Появилась
расшифровка разговора на любимую мою тему — литературу о современности, которая прошла в рамках премии «Фикшн35». Я сам на беседе не присутствовал, но отправил видеопривет с тезисами, потому сам сейчас с интересом прочитал, о чём же говорили Полина Бояркина из «Прочтения», Максим Мамлыга из «Подписных изданий», Сергей
@bookngrill Лебеденко, Елена Васильева и Владимир
@stoner_watching_you Панкратов.
Так вышло, что мой видеопривет показали в самом начале дискуссии, так что все собравшиеся заочно спорили со мной (я рад, на то и был рассчёт).
Хайлайтс:
— Мамлыга рассказывает, что в Северной Осетии есть книги о Беслане — правда, неясно, художественные или нет; до Москвы они почему-то не добираются.
— Он же выделяет в отдельную категорию книги как бы не о современности — в которых действие происходит в отчётливо параллельной реальности, как у Поляринова или Сальникова. Мне кажется, это несущественно. Новый фильм Тарантино, даром что происходит в фантазийной версии шестидесятых, всё равно остаётся фильмом о шестидесятых. То же и с современностью.
— Почти все несогласны с моим наглым предположением о том, что появление литературы о современности может привести к тому, что люди больше начнут читать. Скептицизм ясен, но он основан на той же кофейной гуще, что и моя надежда: может, да, а может, нет. Пока не появится литература о настоящем как тренд, а не как отдельные феномены — о последствиях можно только гадать.
— Очень правильный тезис Лебеденко: «Мне кажется важным, что когда автор говорит о современности, он работает с новым языком, то есть — с языком современности, духом современности, и это подводит меня к мысли, что нельзя специально взять и написать современную книгу. Можно просто взять и писать из себя, то что ты чувствуешь, то, о чем ты хочешь, и тогда у тебя получится довольно хорошая книга, которая так или иначе будет современной. <…> Поэтому мне кажется, что, когда мы говорим о современности, мы говорим о духе современности, реконструировать который невозможно, и нужно просто работать с писателями, делать так, чтобы писатели писали больше, и тогда у нас естественным образом будет больше текстов о современности. А давать ручку и говорить: «Иди фигачь про дело Голунова» — это так не работает».
— Елена Васильева уточняет, что «романы о современности» — это не обязательно «роман о конкретном событии в современной реальности». Разумеется, согласен с ней; понятно, что когда мы говорим, условно говоря, о «книге про дело Голунова», мы упрощаем, это самый простой способ маркировать книгу как «о современности». Книг, где действие происходит сейчас, полно, но во многих из низ нет ни грана, простите, цайтгайста.

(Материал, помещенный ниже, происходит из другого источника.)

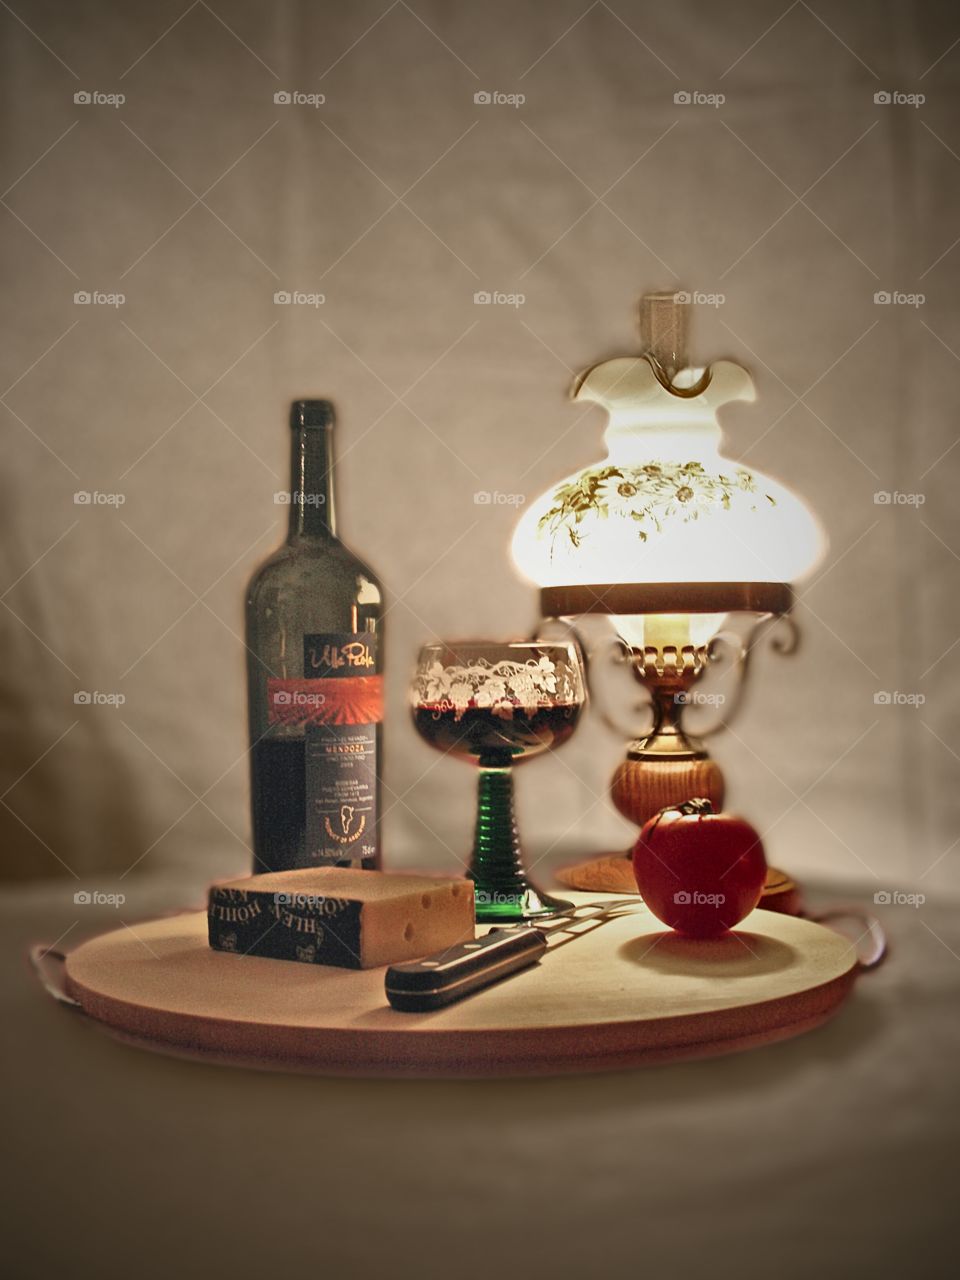 cheese ˋn vine. stil life of bottle vine with chees, tomato and old fashioned lamp
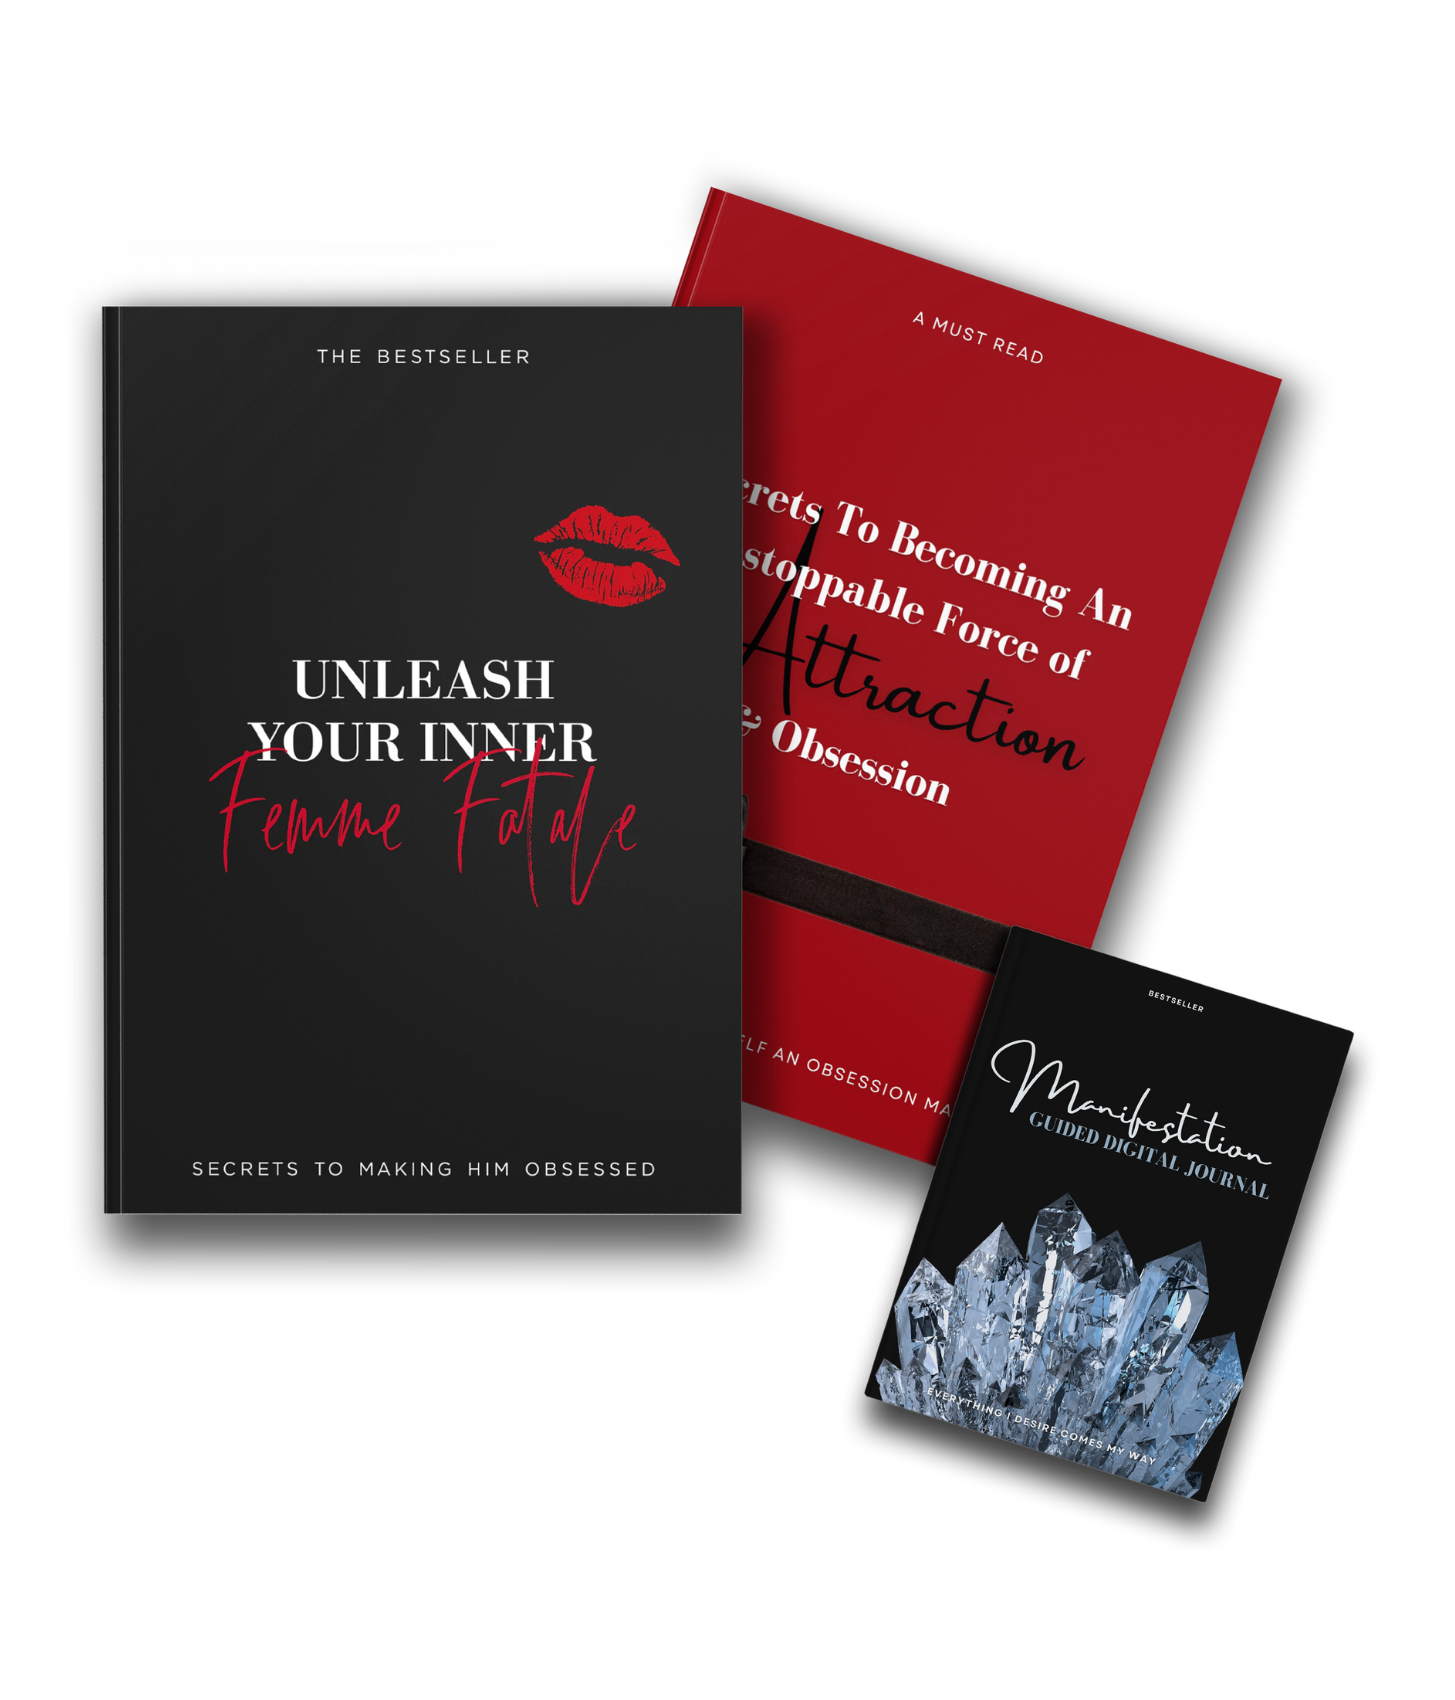 Unleash Your Inner Femme Fatale - Secrets To Making Him Obsessed

А именно цайтгайст и есть единственный признак «романа о современности»; выражен он в реальном деле Голунова или выдуманном деле Горюнова (у Глуховского) — дело десятое.
— Поразительная реплика Александра Прокоповича из АСТ:
«Мы не можем купить нормальные книги на английском языке, потому что все кинулись в сторону равенства полов, наций и так далее». Даже комментировать нечего. Он же рассказывает дикую историю о том, что якобы был сожжён тираж книги из-за пропаганды робогомосексуализма (что? да!), а про Беслан не пишут, потому что
«никто не хочет в СИЗО оказаться».
— Он же заявляет, что
«Водолазкин ограничивает свое творчество 1999 годом», видимо, забывая, что в «Брисбене» тот забирается в современность по самый Майдан. Понимаю Александра, об этом действительно хочется забыть.
— Ольга Макарен замечает, что для отражения современности отлично подходят не романы, а драматургия.
Верно.
— Панкратов:
«…мне показалось, что когда женщина пишет книгу, она берет какие-то более разнообразные темы, а у мужчины это обязательно будет мающийся человек».